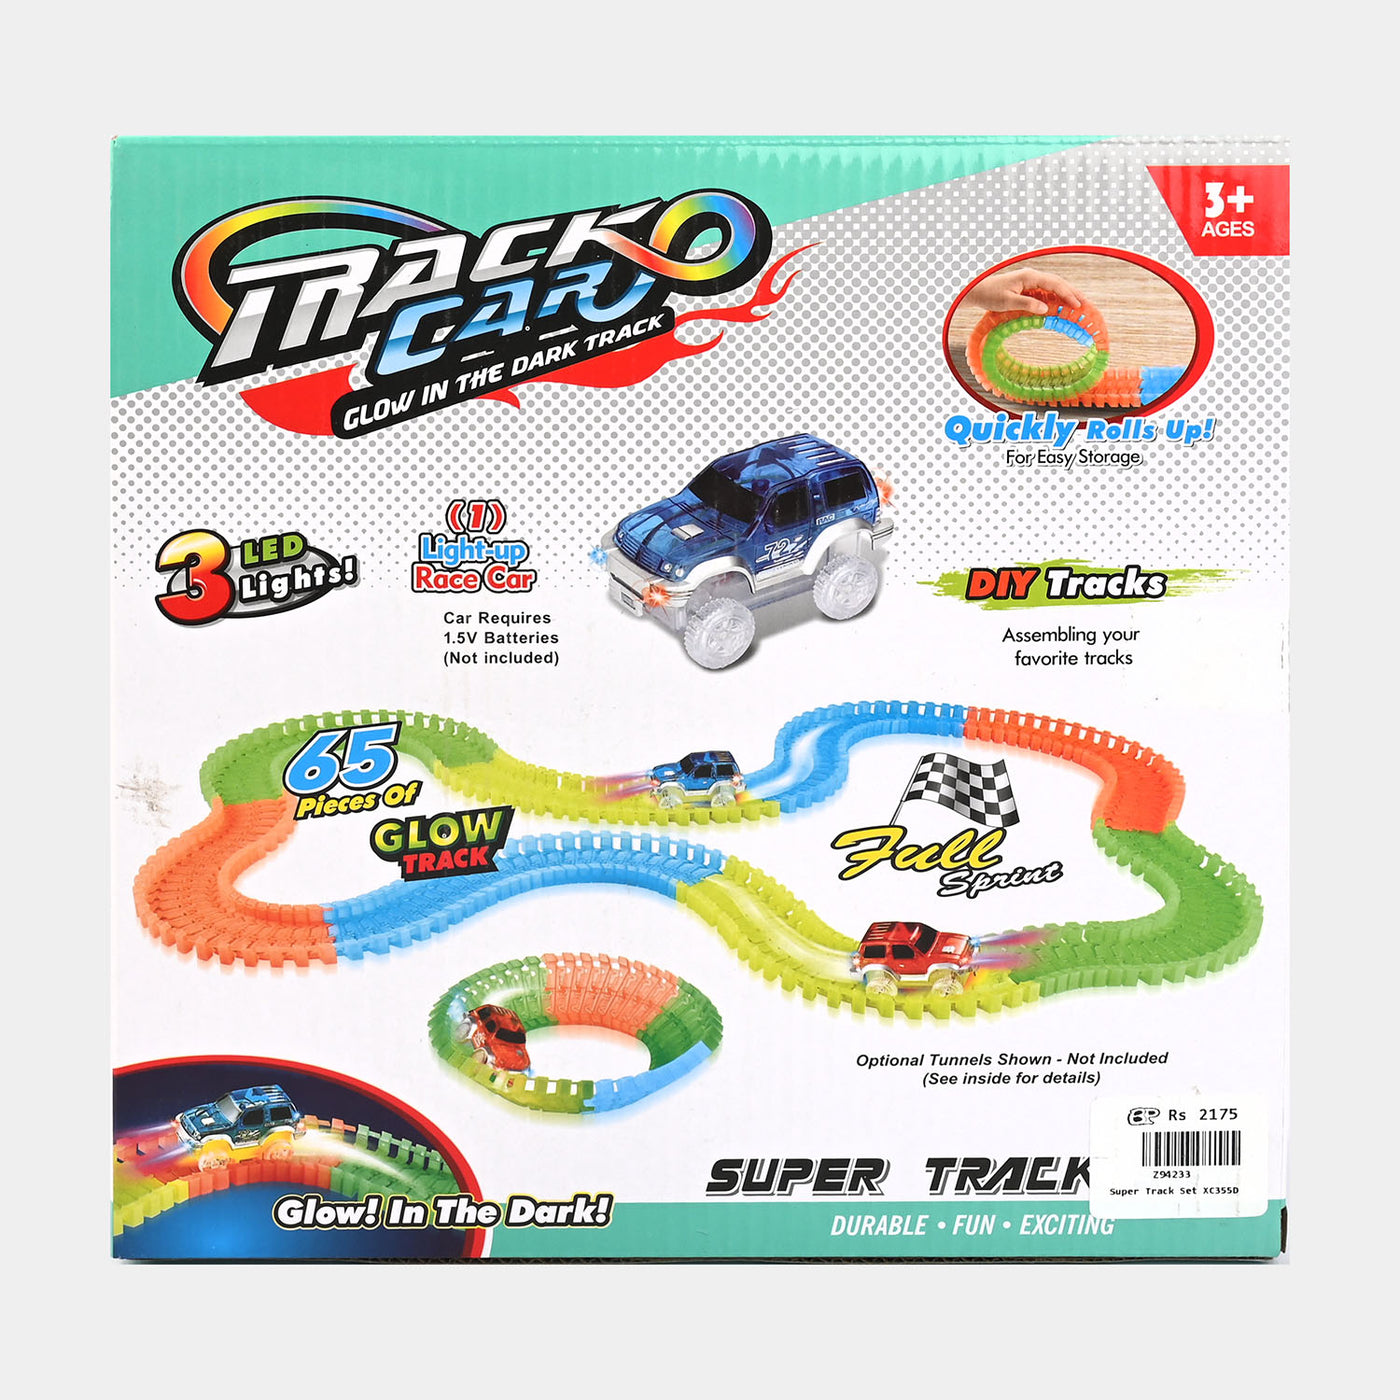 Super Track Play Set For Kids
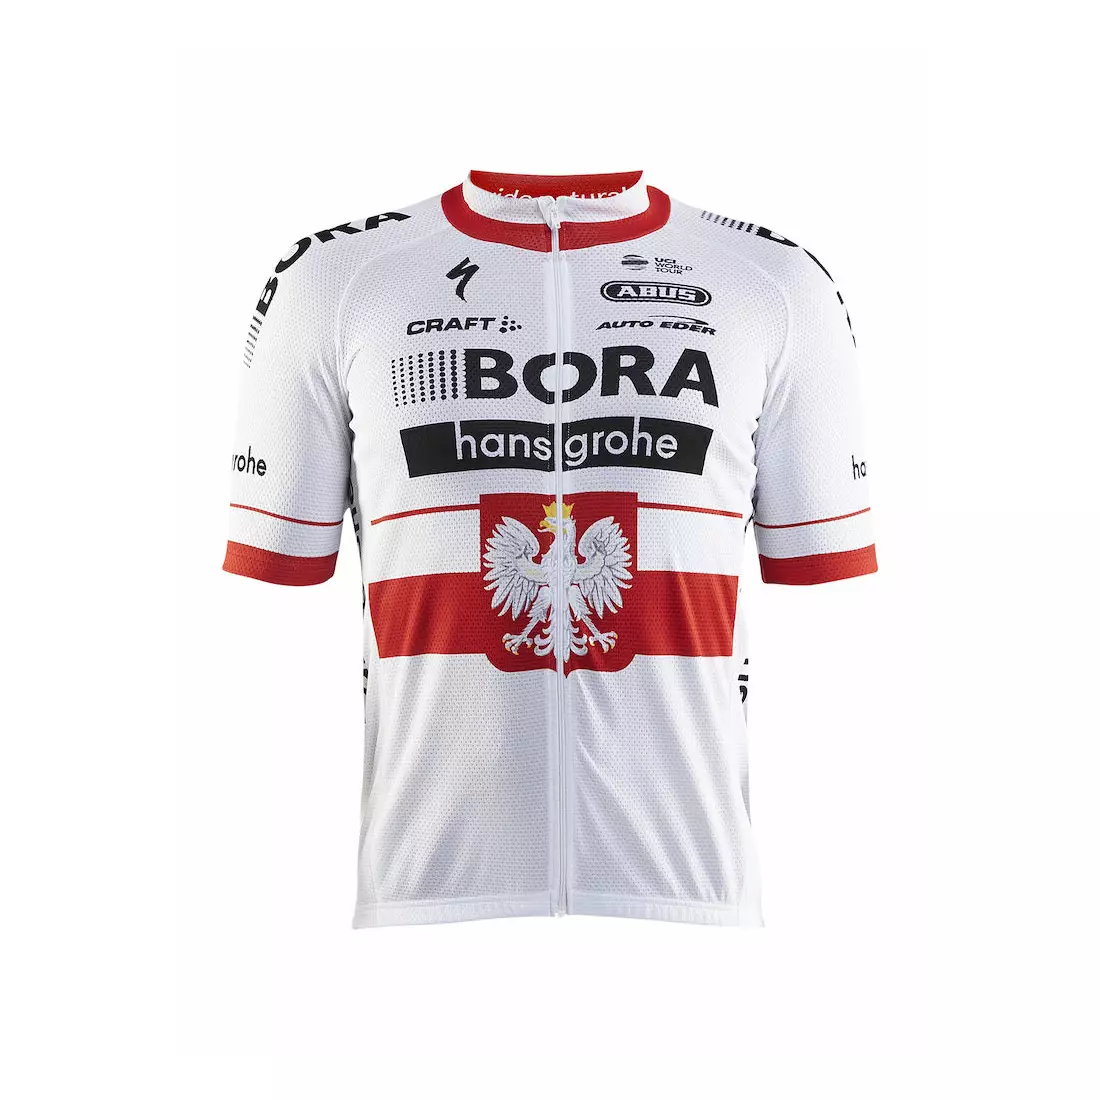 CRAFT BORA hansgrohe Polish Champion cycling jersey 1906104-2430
---
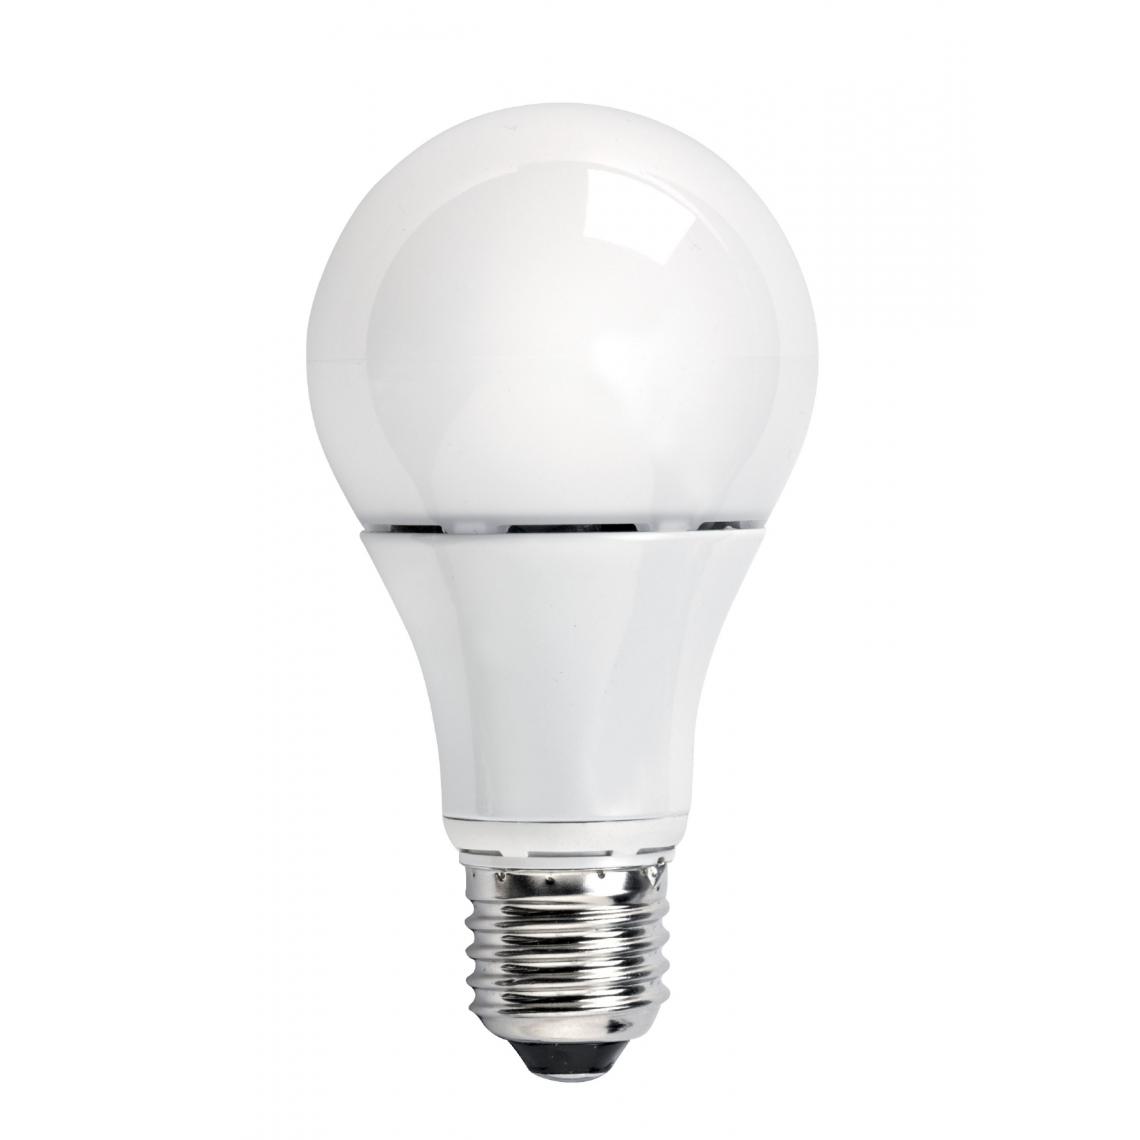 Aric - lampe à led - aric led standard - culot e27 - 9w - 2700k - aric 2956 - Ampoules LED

* _Goal of the exercise_: Repeat, without pictures, exactly the lines of the data above from the one containing "Super Track Play Set For Kids" through the one containing "CRAFT BORA hansgrohe", including both and adding nothing.

* _Written response_:
 Super Track Play Set For Kids
 CRAFT BORA hansgrohe Polish Champion cycling jersey 1906104-2430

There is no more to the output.